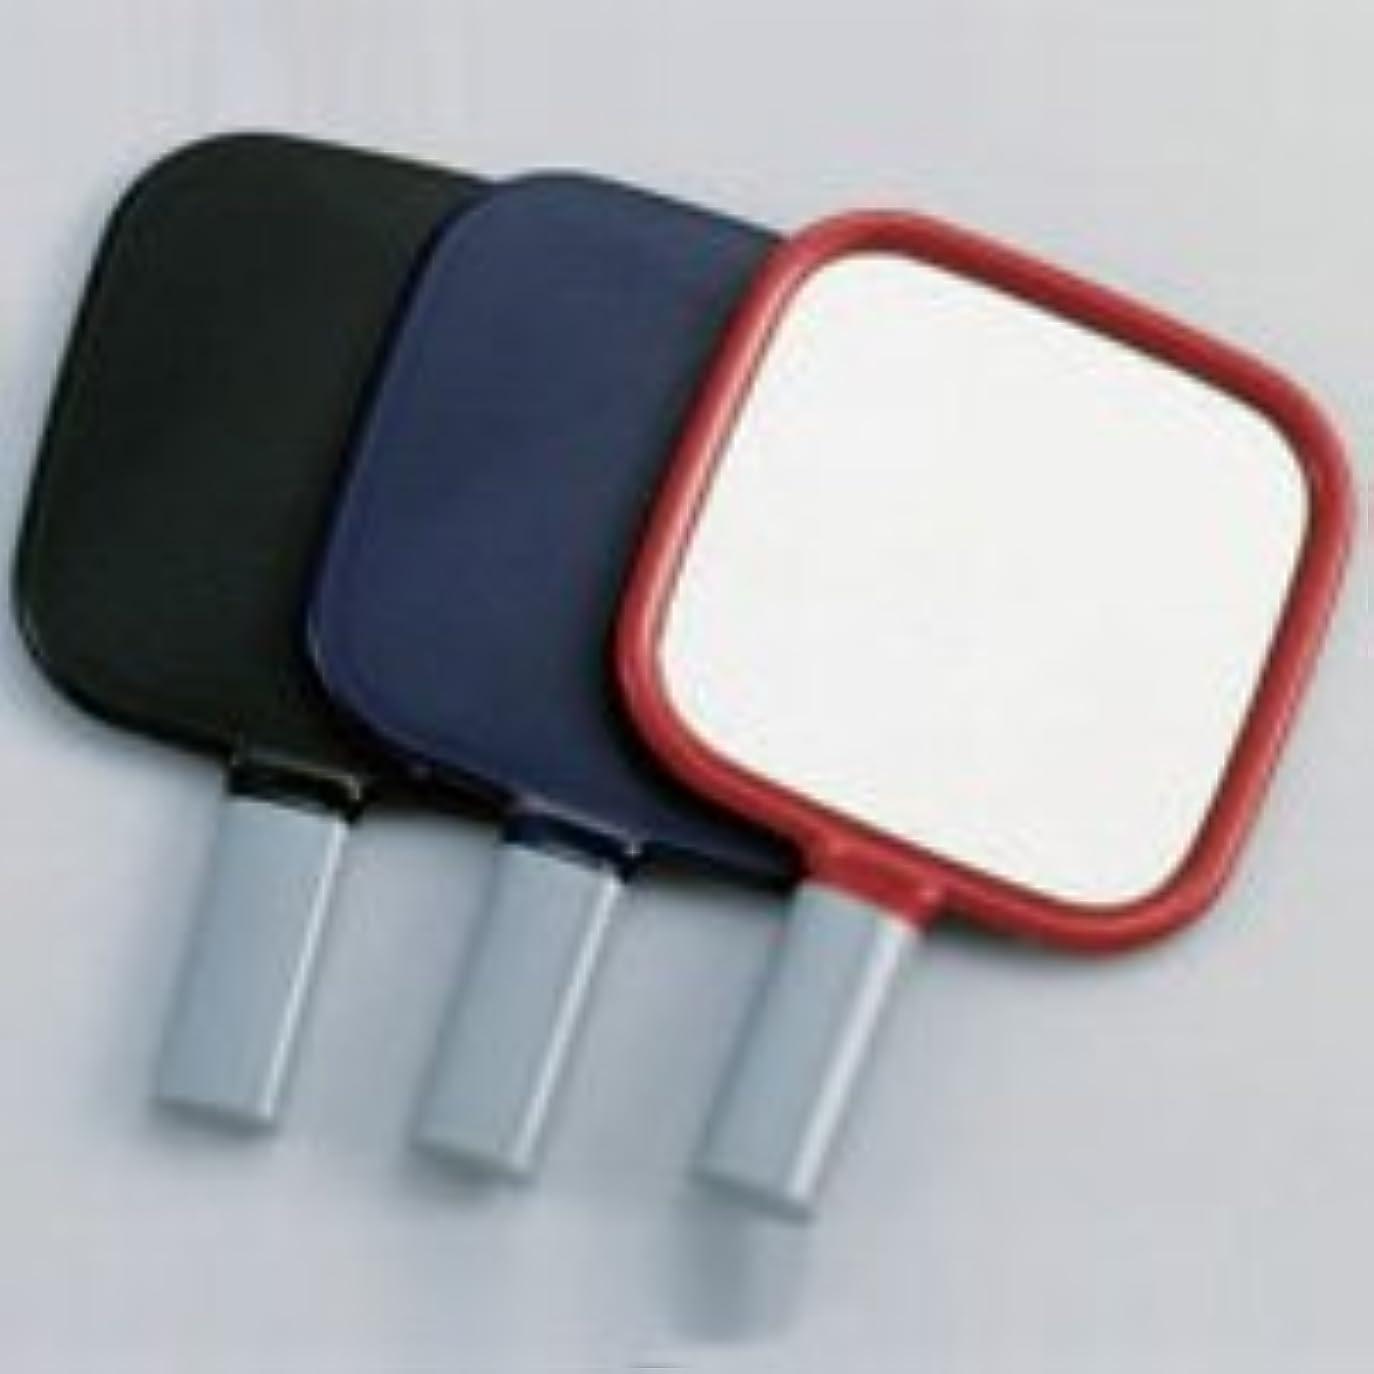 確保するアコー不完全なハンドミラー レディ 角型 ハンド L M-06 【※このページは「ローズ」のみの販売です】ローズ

- - -

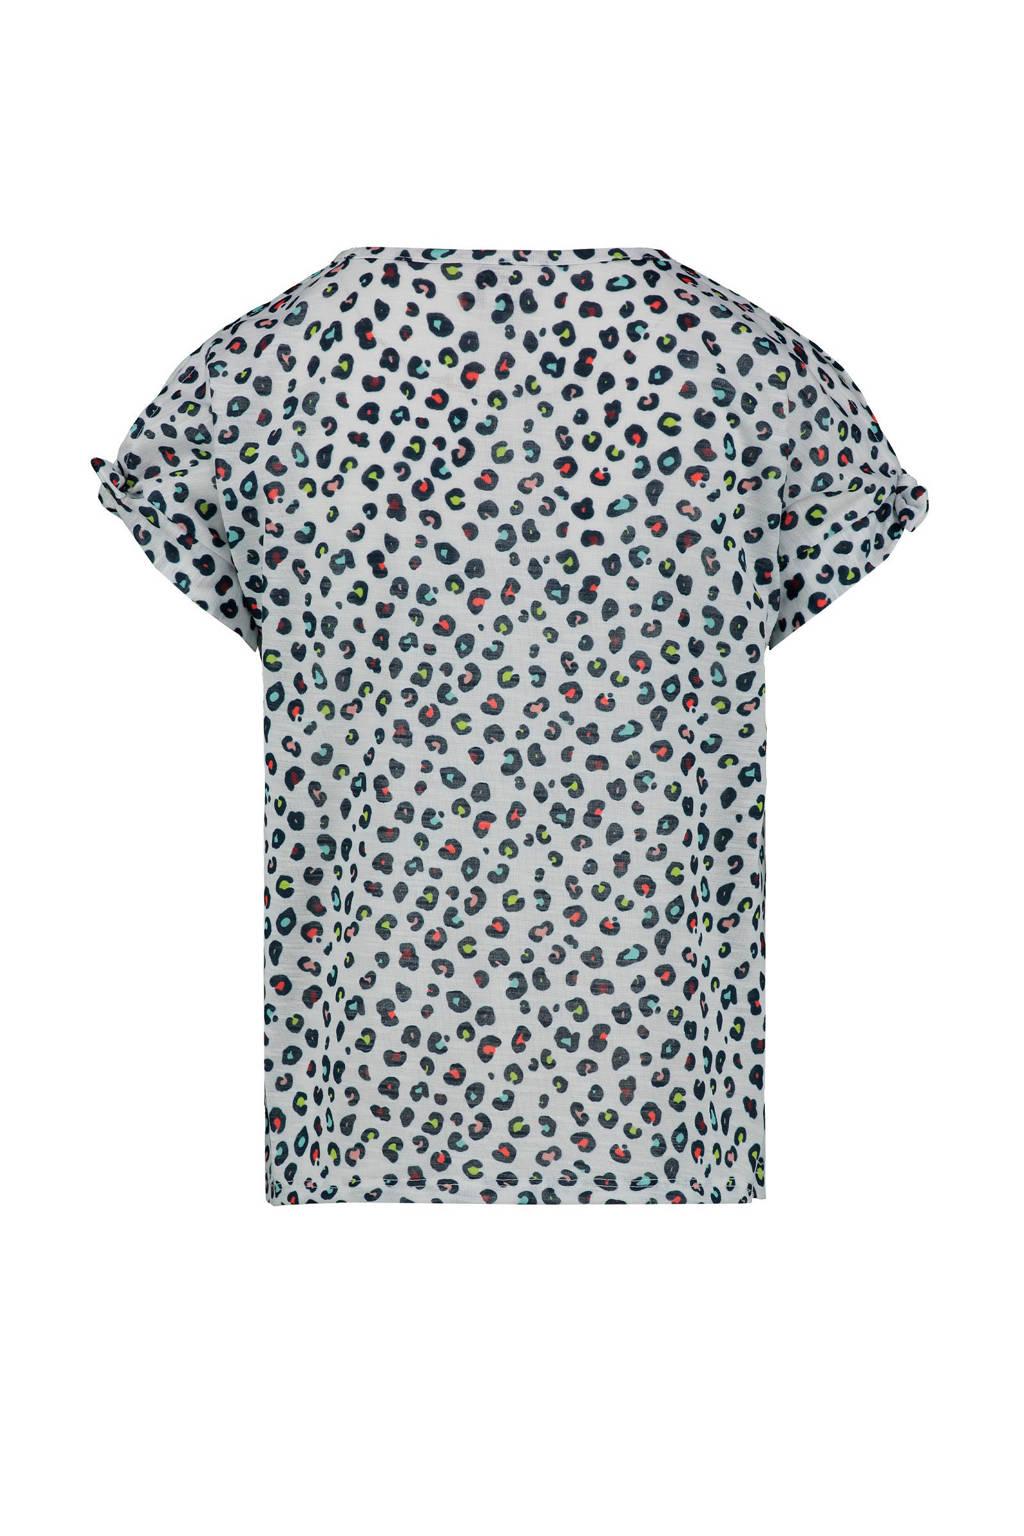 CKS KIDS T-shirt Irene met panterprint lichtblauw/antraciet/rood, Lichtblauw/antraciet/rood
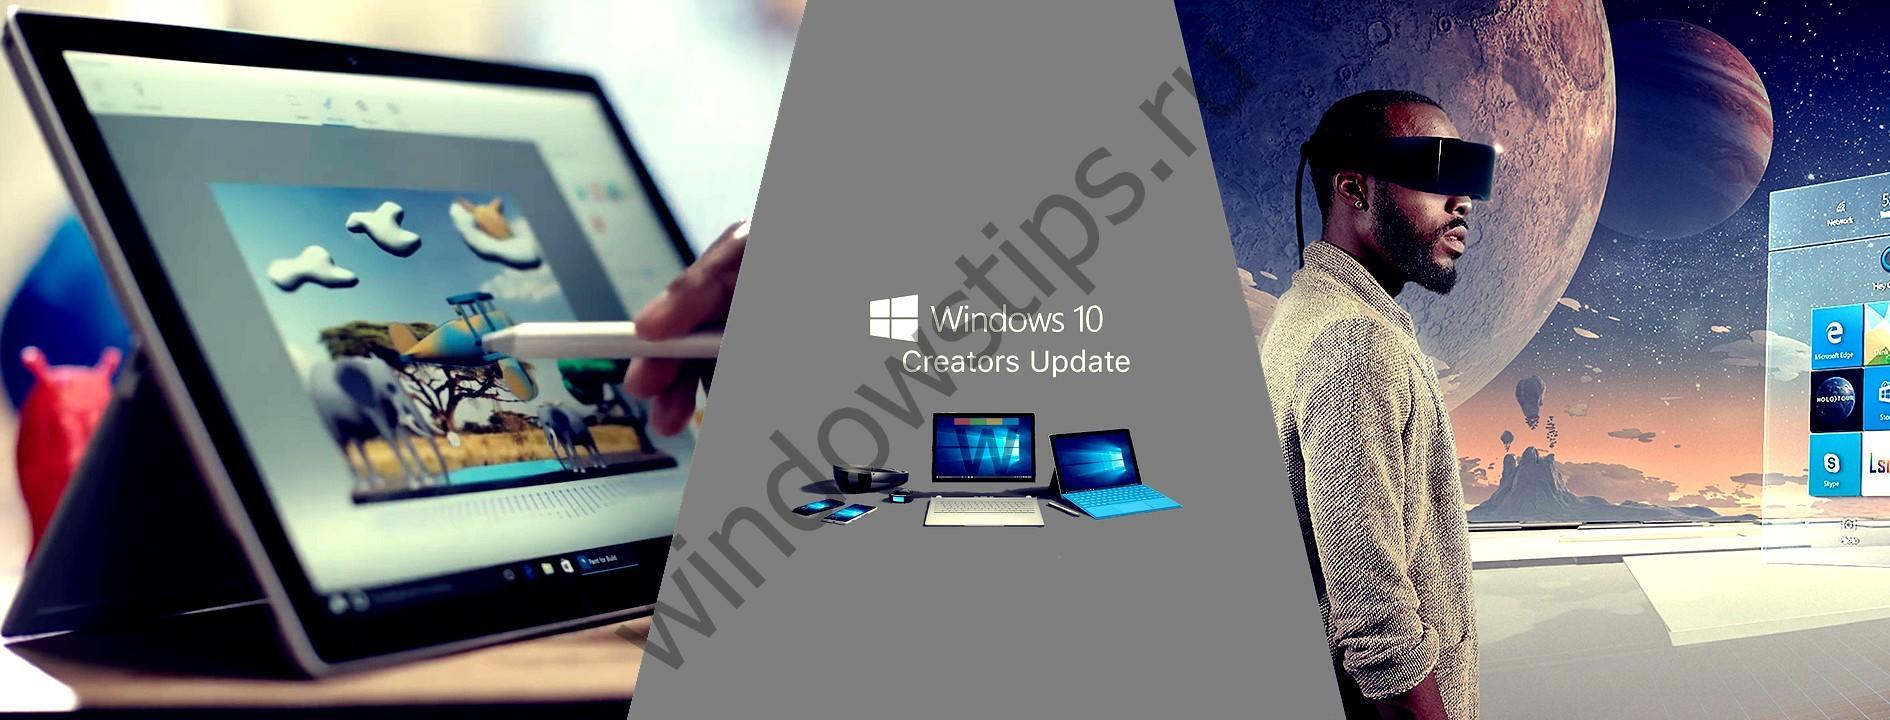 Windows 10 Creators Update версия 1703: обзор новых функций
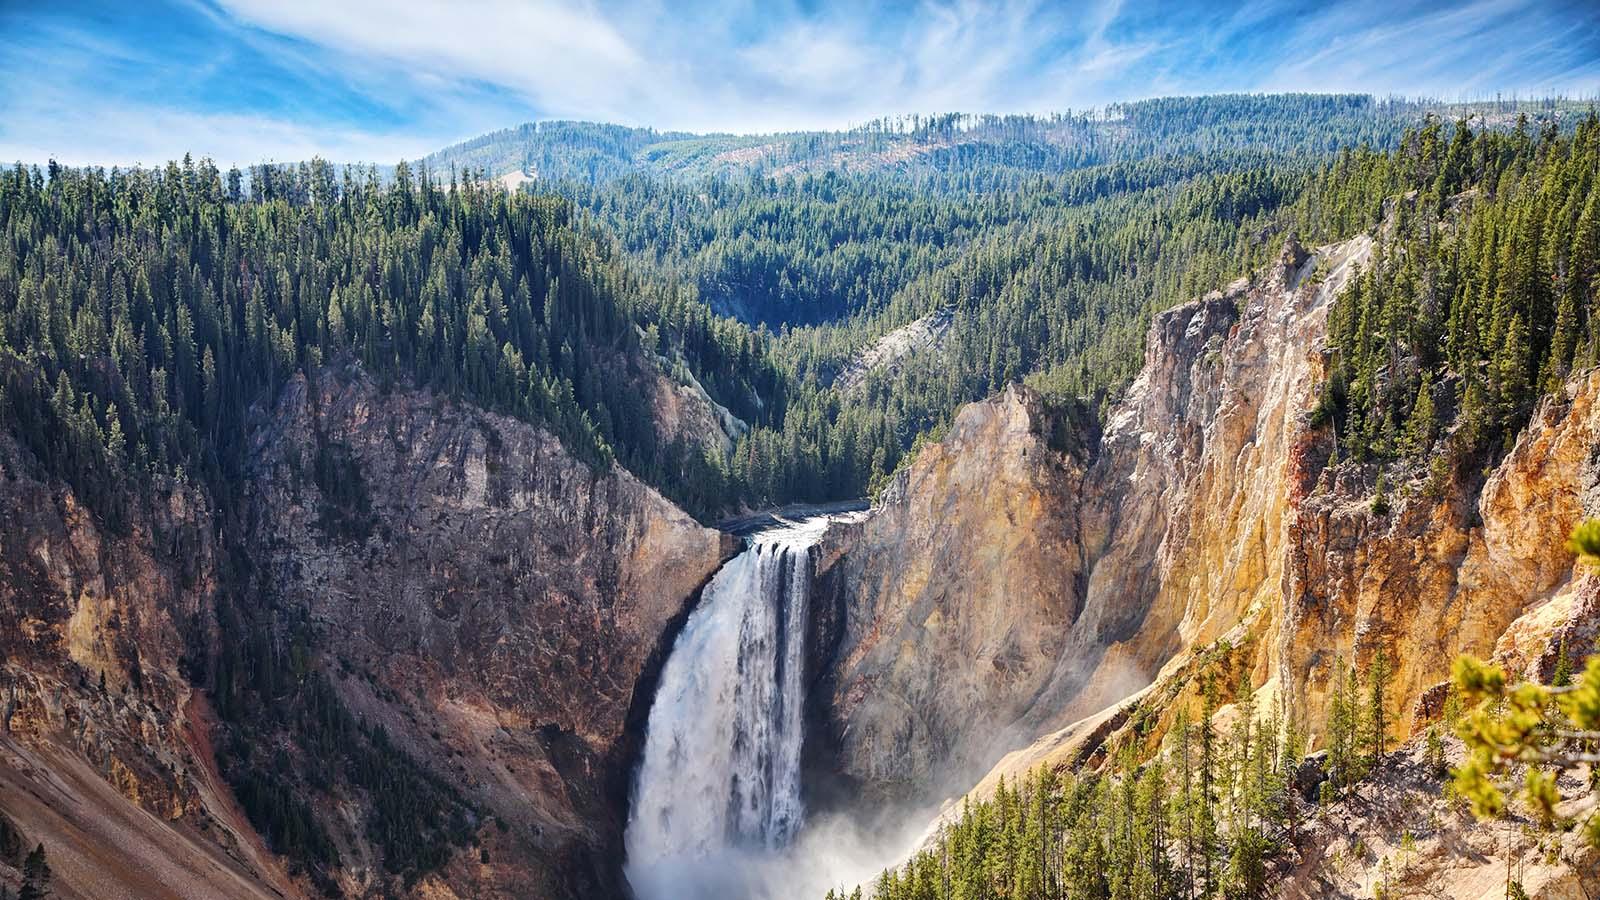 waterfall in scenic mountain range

- - -

WORK TO BE COMPLETED: Using the records above, print exactly the run of lines that starts with the line with "CKS KIDS T-shirt" and goes on through the line with "waterfall in scenic mountain range", pictures excluded.

TASK OUTPUT:
 CKS KIDS T-shirt Irene met panterprint lichtblauw/antraciet/rood, Lichtblauw/antraciet/rood
 Windows 10 Creators Update версия 1703: обзор новых функций
 waterfall in scenic mountain range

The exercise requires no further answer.